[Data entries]
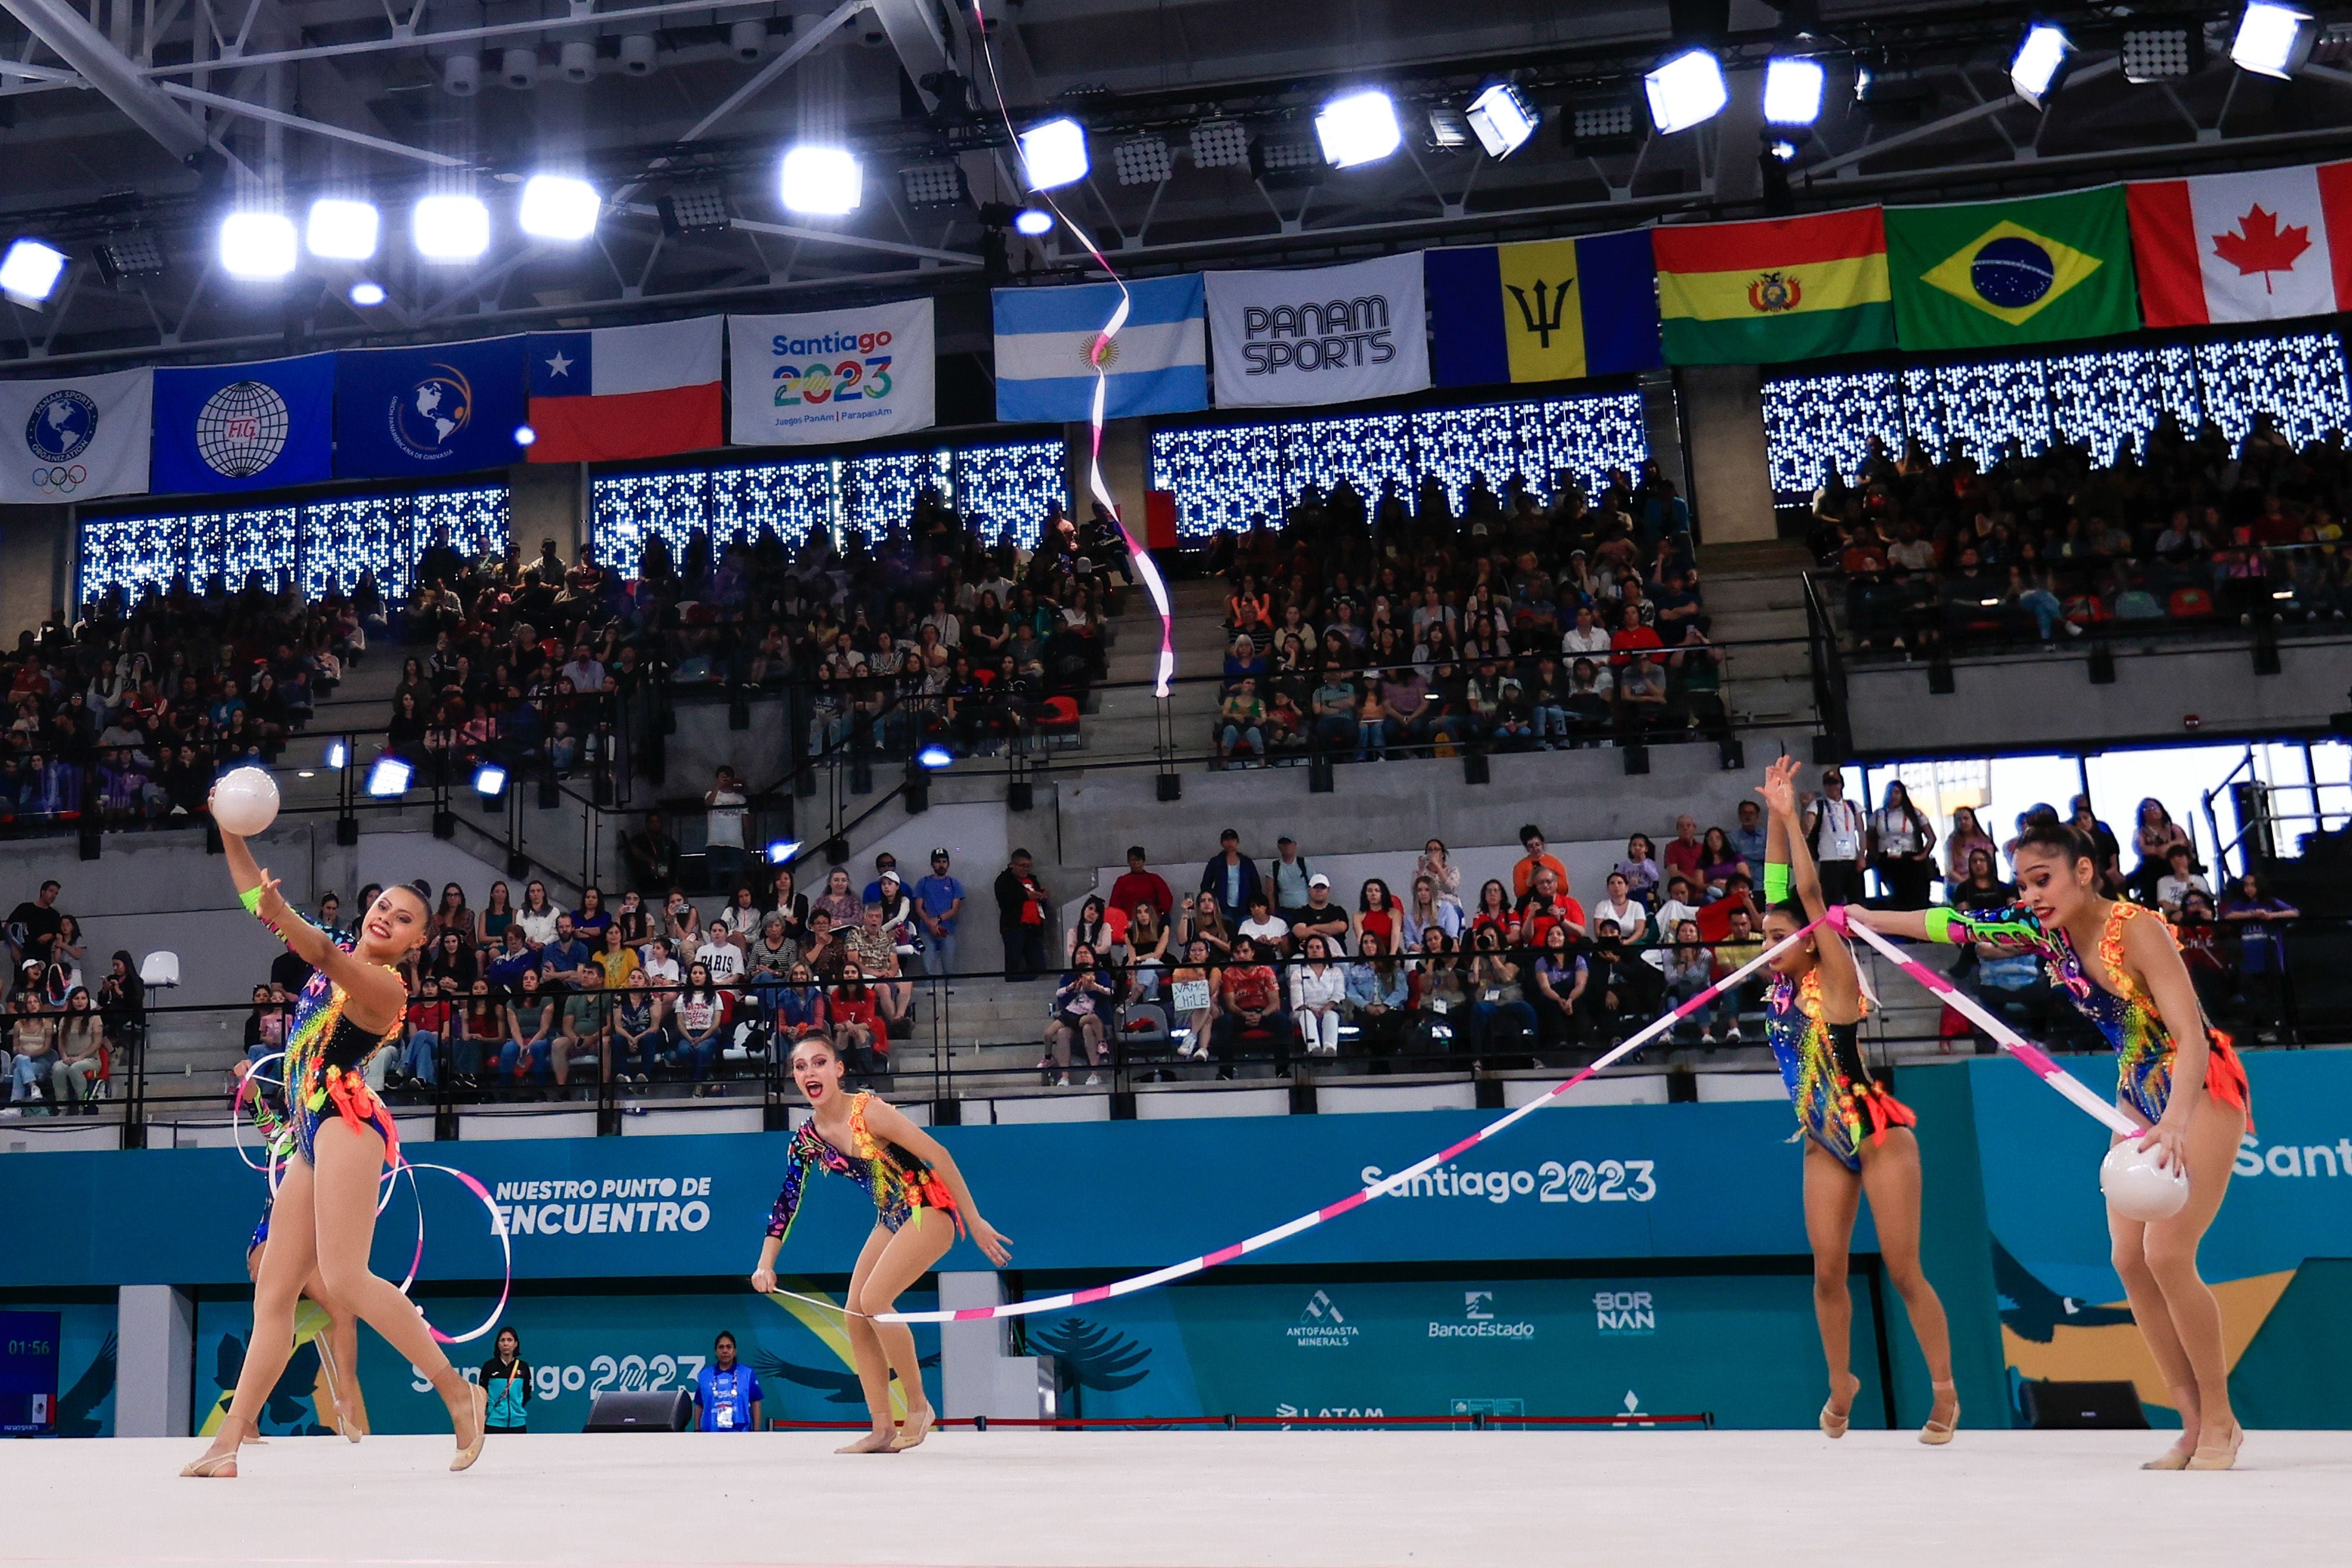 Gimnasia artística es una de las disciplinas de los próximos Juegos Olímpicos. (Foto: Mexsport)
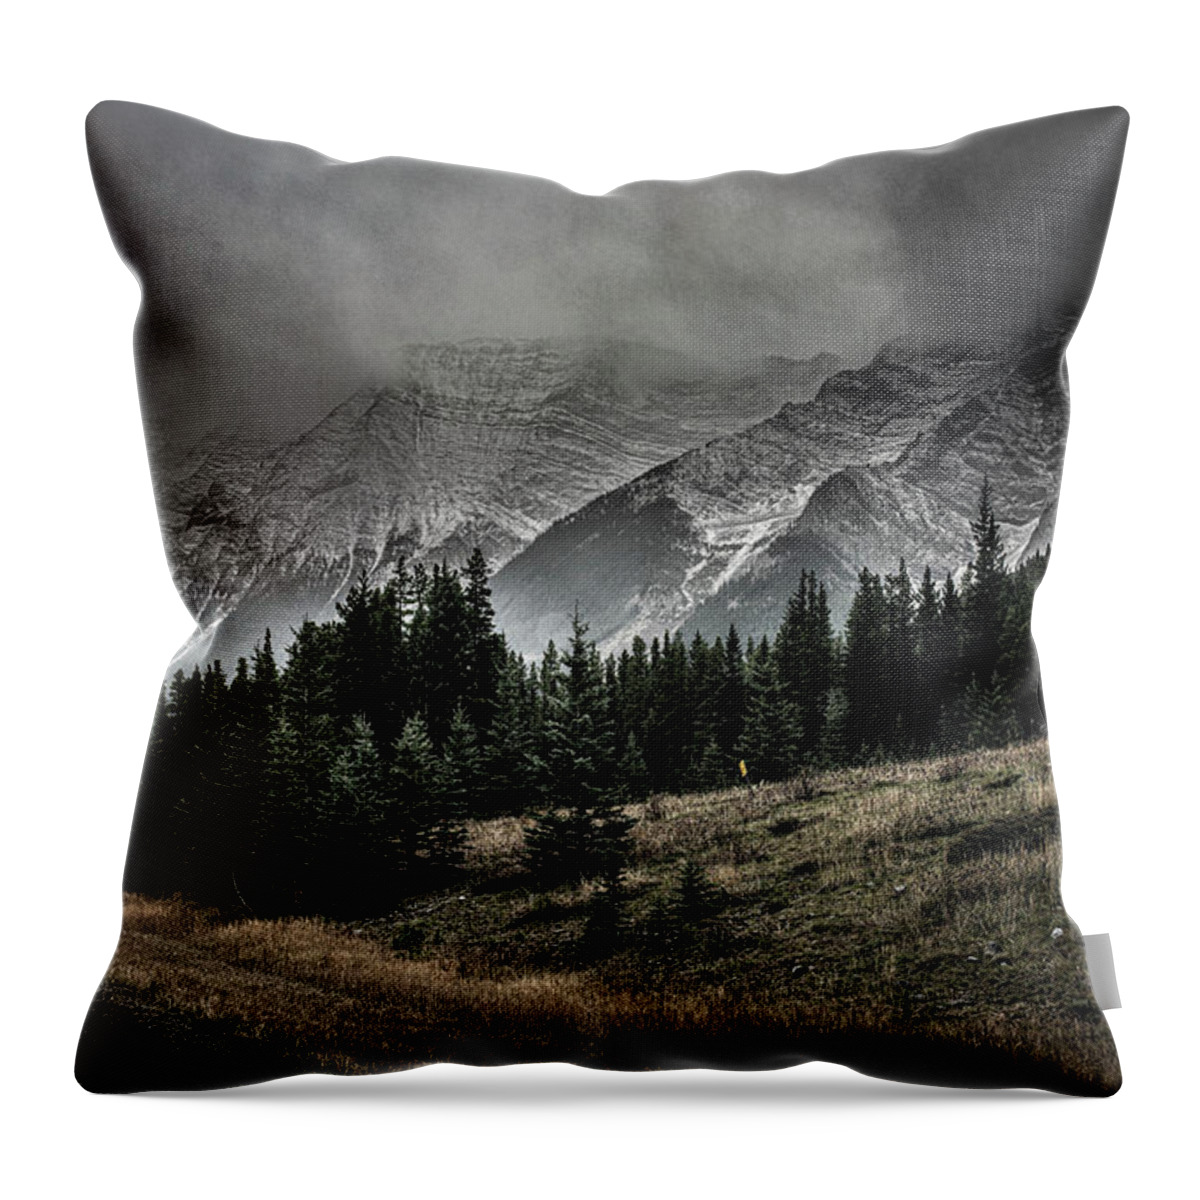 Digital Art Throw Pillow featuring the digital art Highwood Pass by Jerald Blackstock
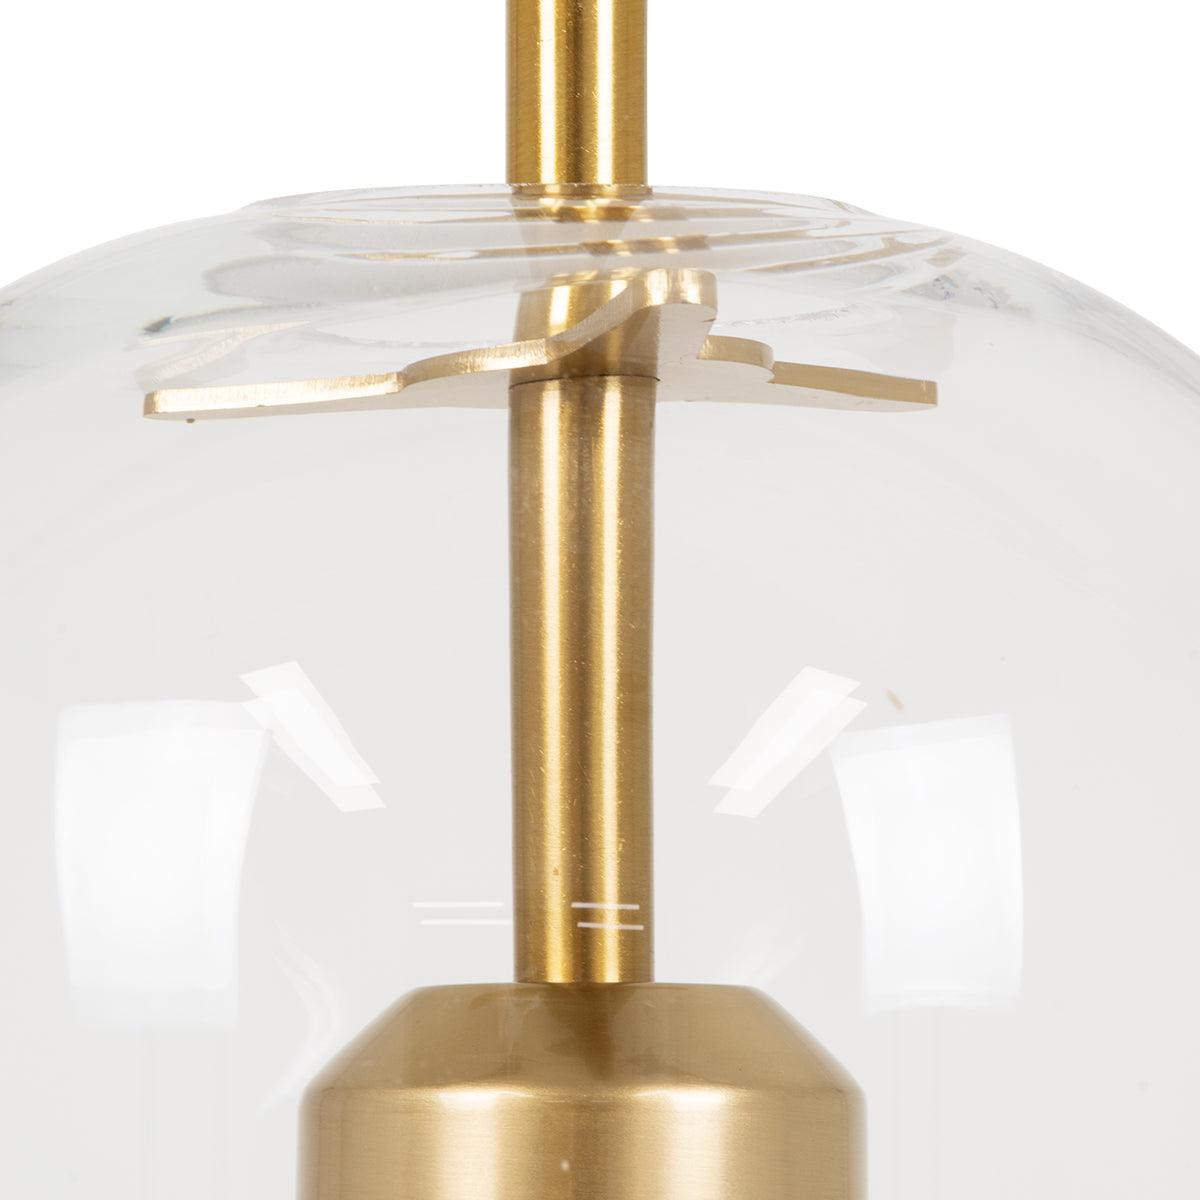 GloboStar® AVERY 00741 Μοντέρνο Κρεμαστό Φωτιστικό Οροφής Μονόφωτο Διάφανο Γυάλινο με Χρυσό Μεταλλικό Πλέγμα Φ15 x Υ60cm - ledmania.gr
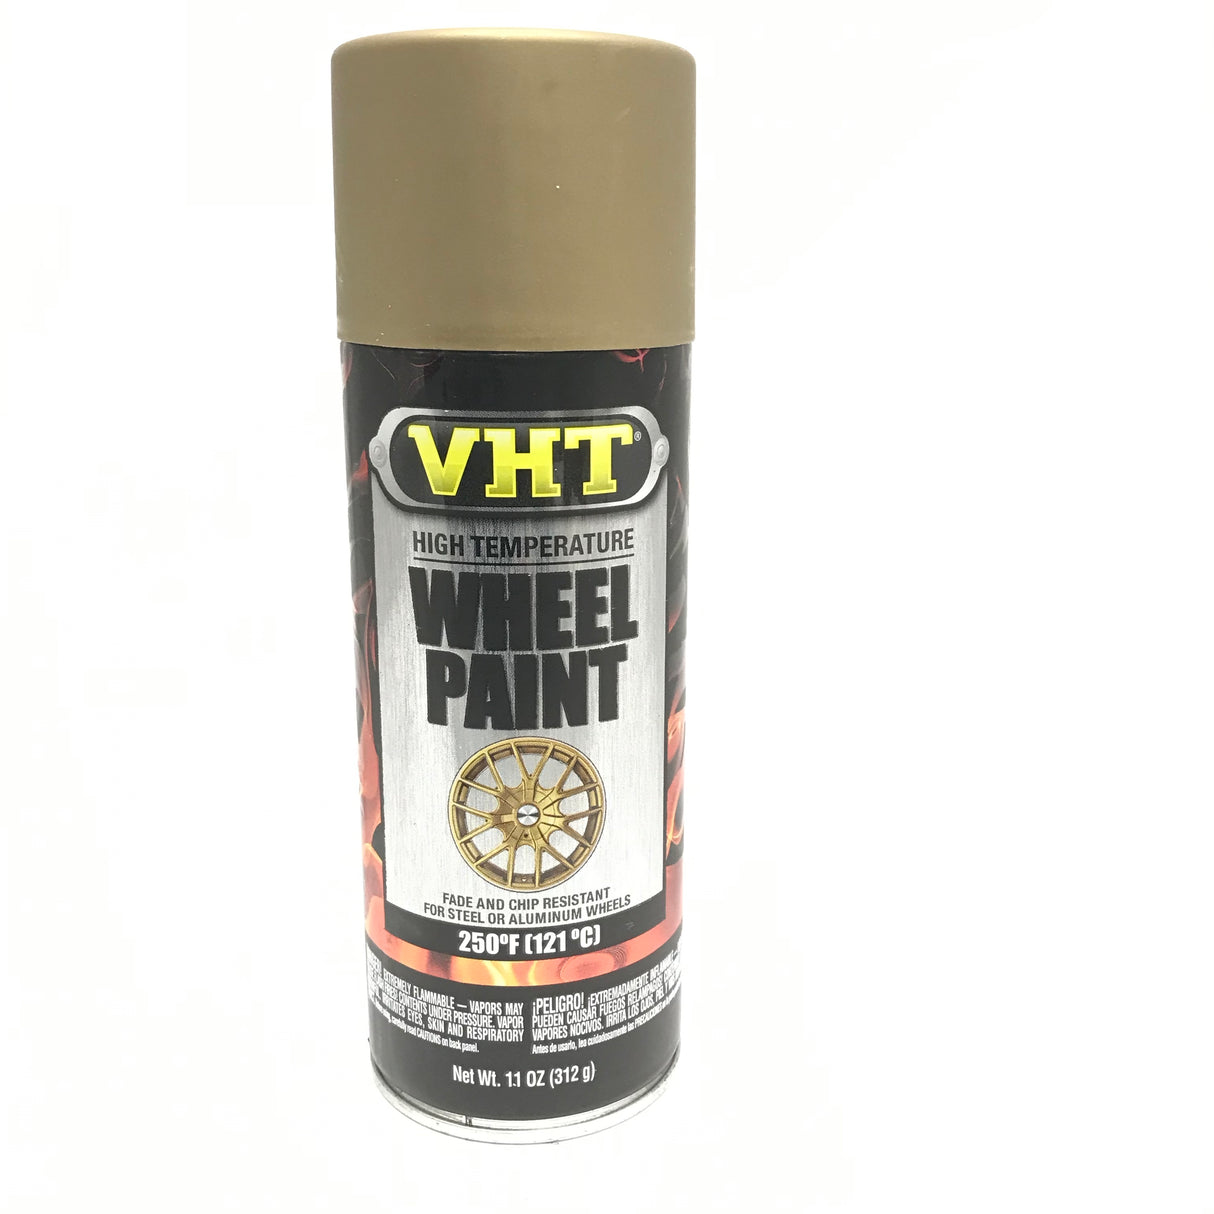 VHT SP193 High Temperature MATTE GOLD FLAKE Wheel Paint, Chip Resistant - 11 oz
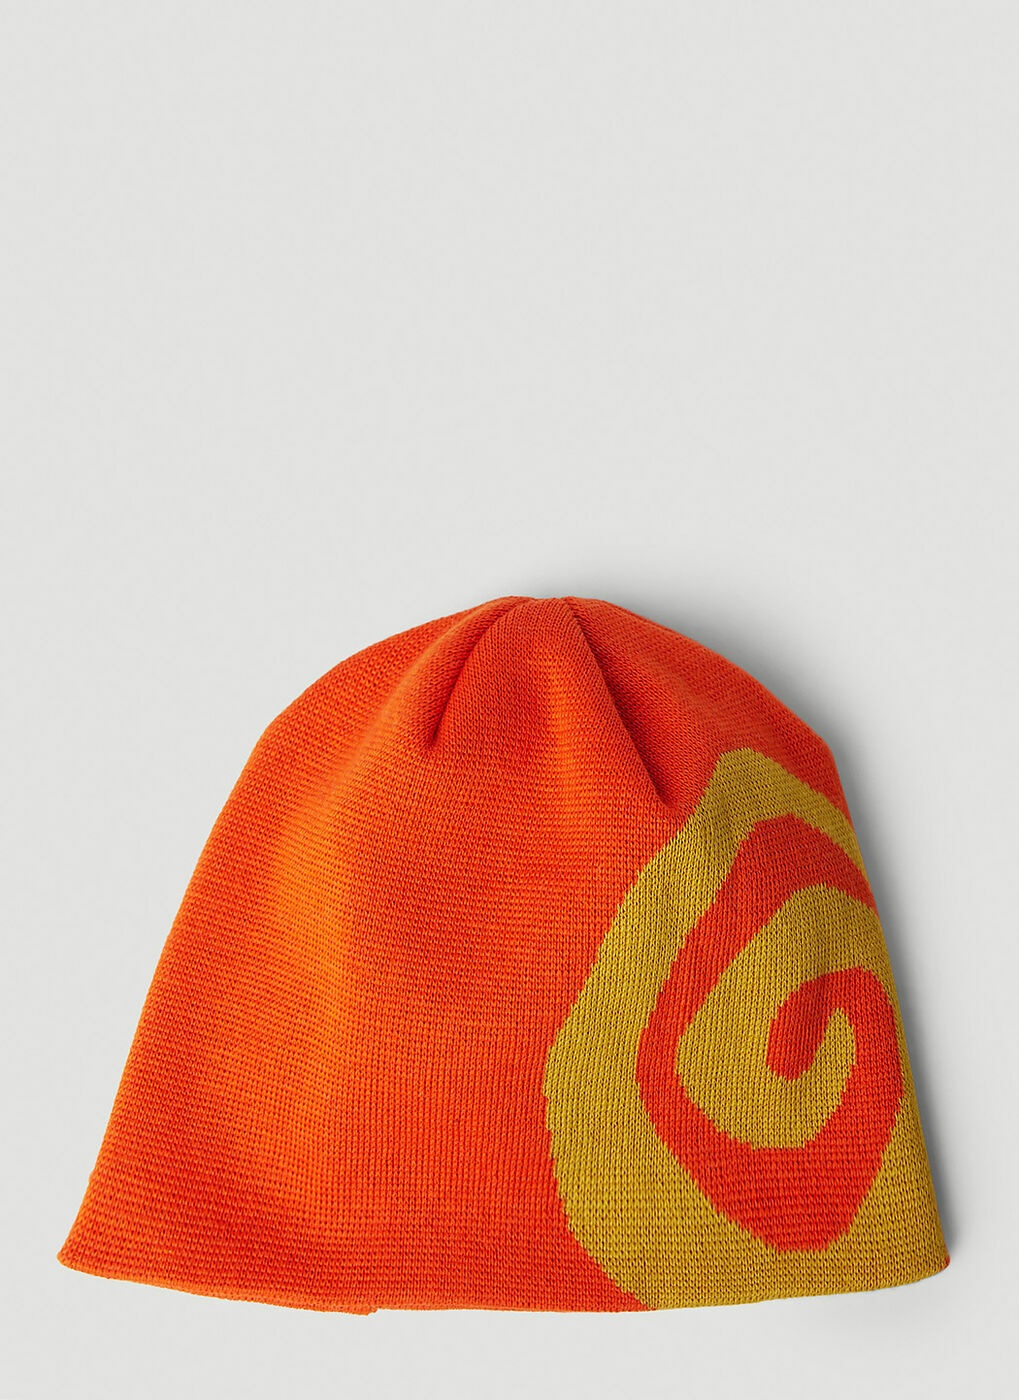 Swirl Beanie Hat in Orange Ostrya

▶ Assigned task
Every line between the one containing "GloboStar® AVERY 00741" and the last line of the data above, both included, should be copied exactly, but not the pictures.

▶ Exercise response
 GloboStar® AVERY 00741 Μοντέρνο Κρεμαστό Φωτιστικό Οροφής Μονόφωτο Διάφανο Γυάλινο με Χρυσό Μεταλλικό Πλέγμα Φ15 x Υ60cm - ledmania.gr
 VHT SP193 High Temperature MATTE GOLD FLAKE Wheel Paint, Chip Resistant - 11 oz
 Swirl Beanie Hat in Orange Ostrya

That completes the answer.